Was just reading this article today:
My New Year's preparedness test | | The SWLing PostThe SWLing Post

Reminded me to check my generator! Also, make sure you know how to put chains on your vehicle BEFORE a big winter event! My neighbors never pay attention and I end up helping them.

Anyway, new here, but been reading forum for quite a while. Thanks!
-HK in KY


----------



## *Andi (Nov 8, 2009)

First ... :welcome:

Second ... Thanks for the reminder ...


----------



## Jason (Jul 25, 2009)

Welcome to the group, and thanks for sharing that article. It was a really good read.


----------



## BlueShoe (Aug 7, 2010)

I checked mine already. It won't start. Bad gas, already.


----------



## ZoomZoom (Dec 18, 2009)

When I run mine, I close the fuel valve and let it die on it's own from being starved from fuel.

To treat the fuel, I'm a big fan of the StaBil Marine formula. It seems to treat ethanol better then other stabilizers.


----------



## Tweto (Nov 26, 2011)

I start and run my large generator every month. My small generator gets ran about every 6 months.

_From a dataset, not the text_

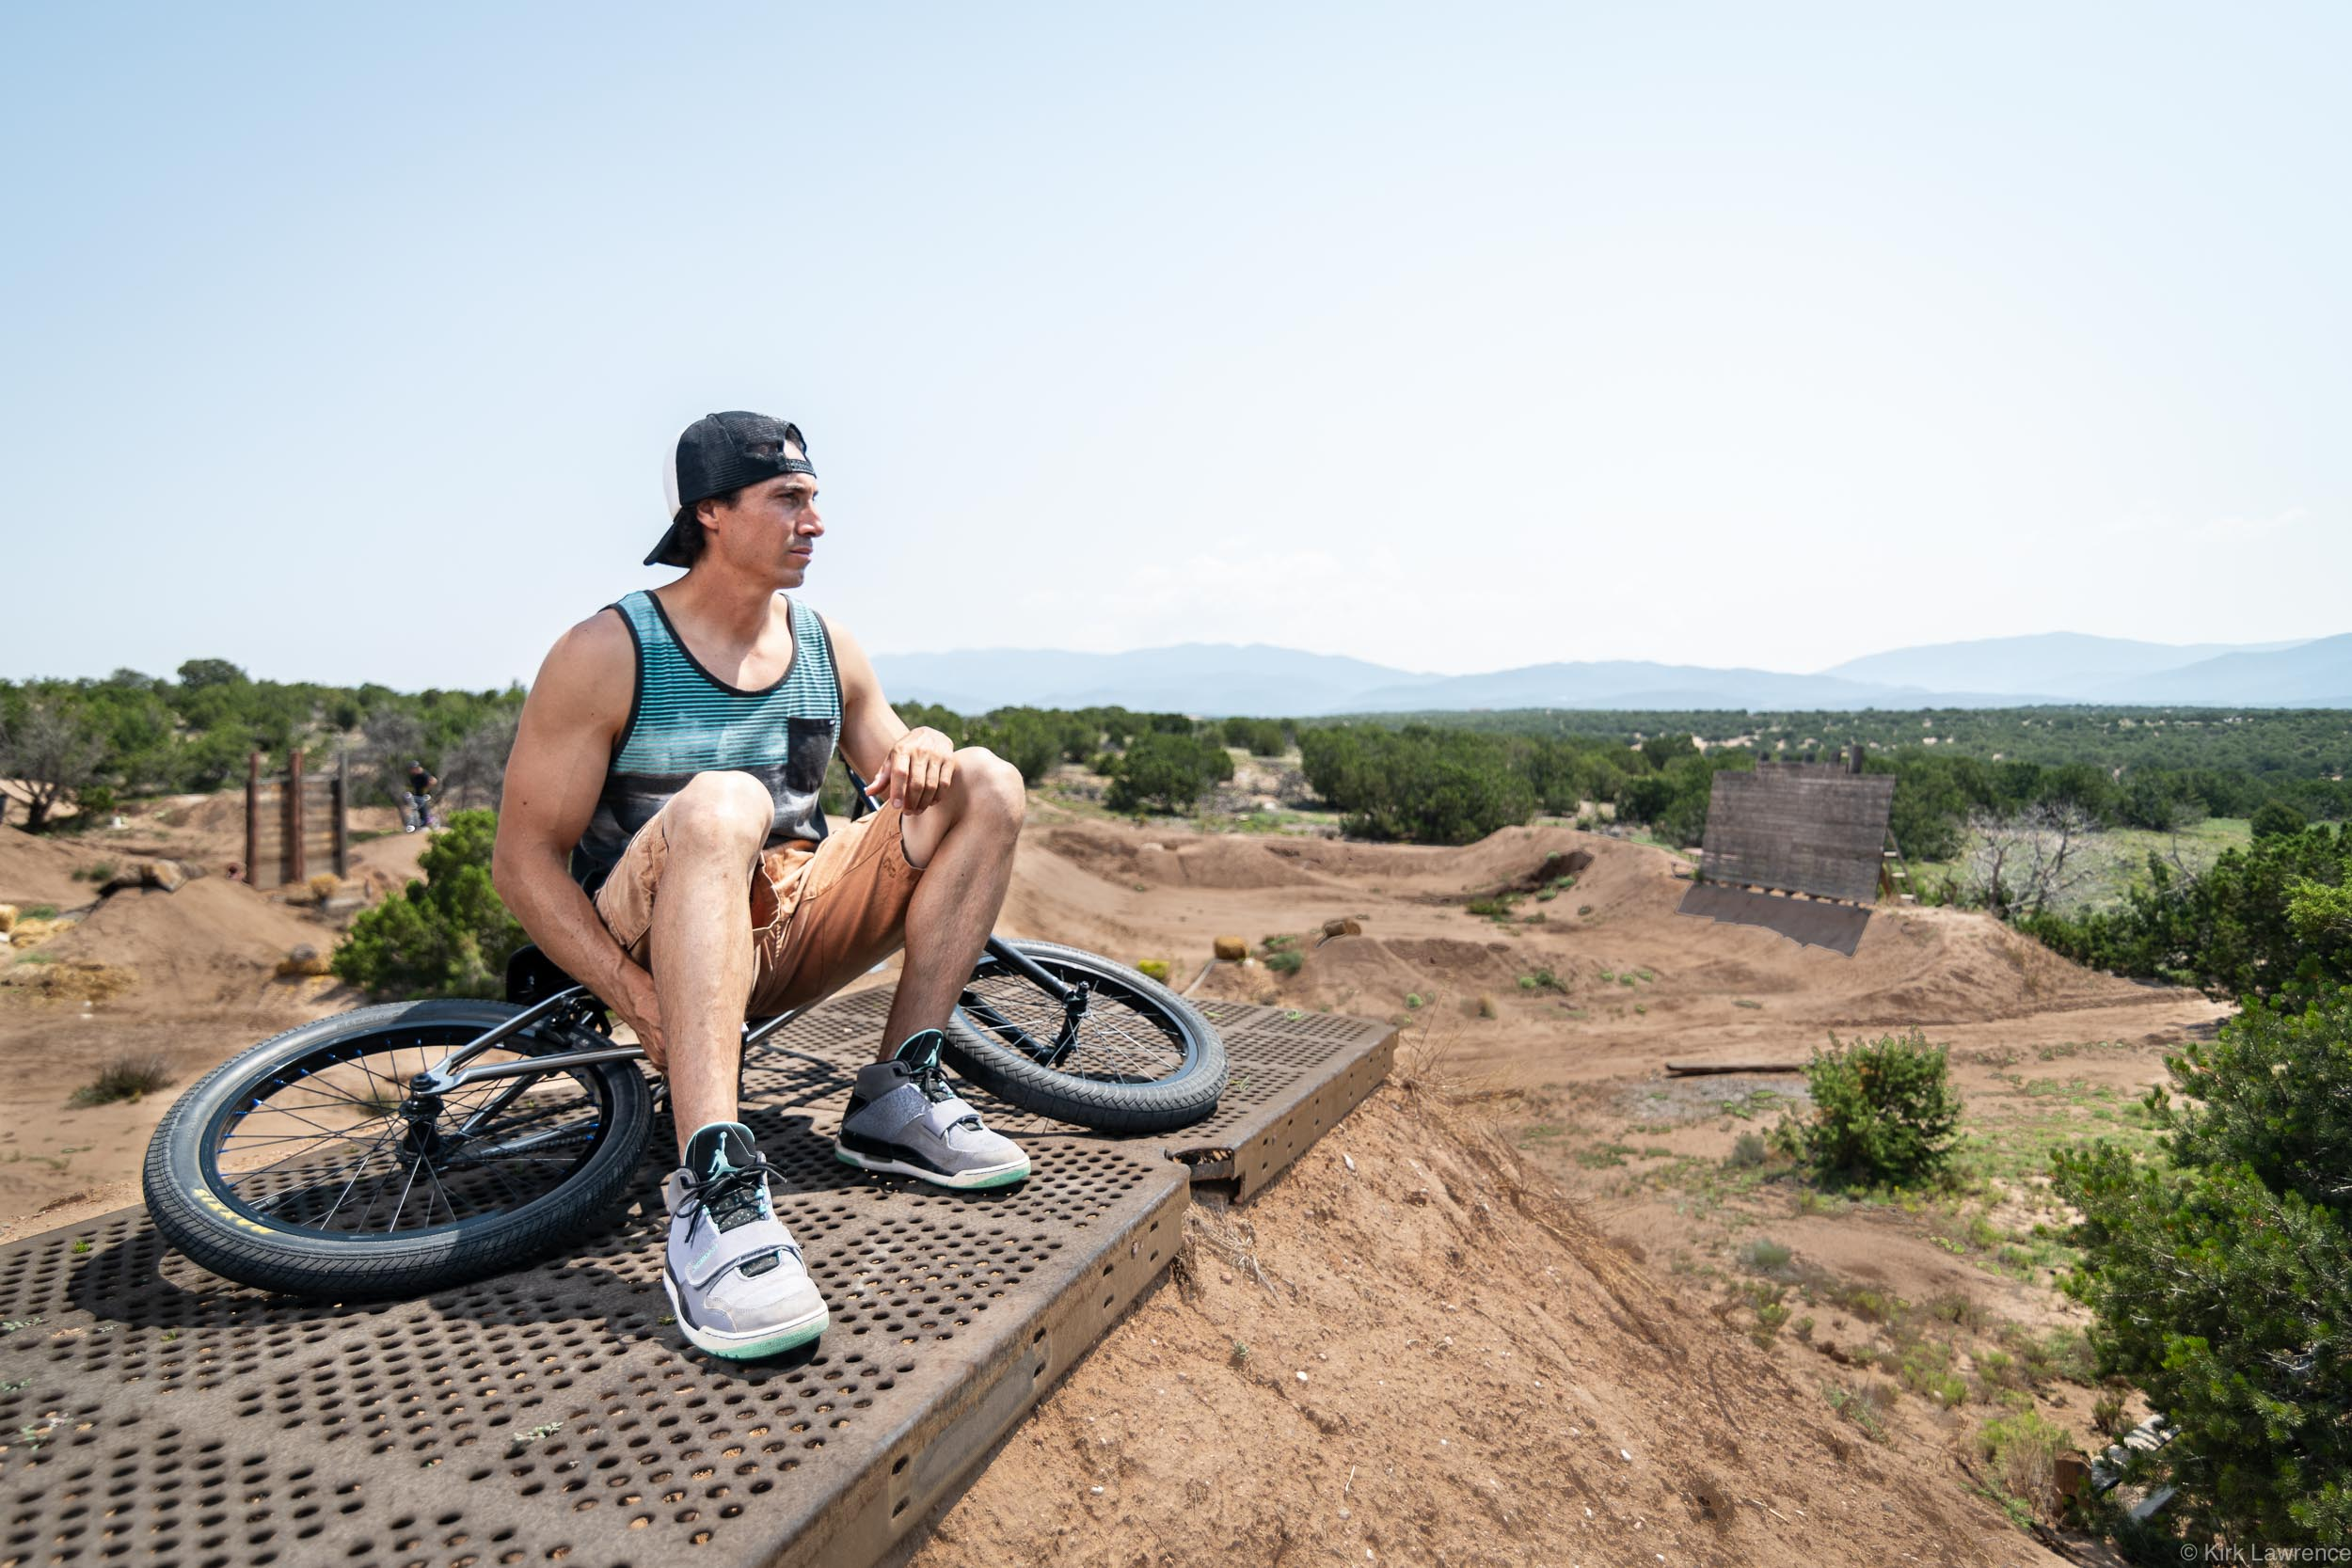 Santa_Fe_New_Mexico_BMX_rider_portrait.jpg

One suggestion I have is to run your generator under a maximum load for at least 30 mins. I use those small 1500 watt ceramic heaters that can be purchased almost anywhere.


----------



## Freedom (Oct 15, 2008)

I use Sea Foam as a fuel stabilizer. It works much better then Stabil.
I bought my small genny back in June of 2011 and didn't use it until yesterday. You could smell the gas was close to going bad but it ran fine on the gas that was 7 months old.


----------



## Viking (Mar 16, 2009)

Freedom said:


> I use Sea Foam as a fuel stabilizer. It works much better then Stabil.
> I bought my small genny back in June of 2011 and didn't use it until yesterday. You could smell the gas was close to going bad but it ran fine on the gas that was 7 months old.


 I store fuel for generator, weed eater and chainsaw use in a firewood shed that stays relatively cool even on hotter summer days due to the mass of the firewood. I've had fuel for over two years that I used Stabil in that smelled as fresh as new, not even a hint of varnish smell which is an indicator of fuel going bad. What might be the difference is that I buy non-alcohol fuel which is also neoprene friendly and doesn't eat carb gaskets, hoses, fuel pumps and fuel tank seals.


----------



## Freedom (Oct 15, 2008)

Viking said:


> I store fuel for generator, weed eater and chainsaw use in a firewood shed that stays relatively cool even on hotter summer days due to the mass of the firewood. I've had fuel for over two years that I used Stabil in that smelled as fresh as new, not even a hint of varnish smell which is an indicator of fuel going bad. What might be the difference is that I buy non-alcohol fuel which is also neoprene friendly and doesn't eat carb gaskets, hoses, fuel pumps and fuel tank seals.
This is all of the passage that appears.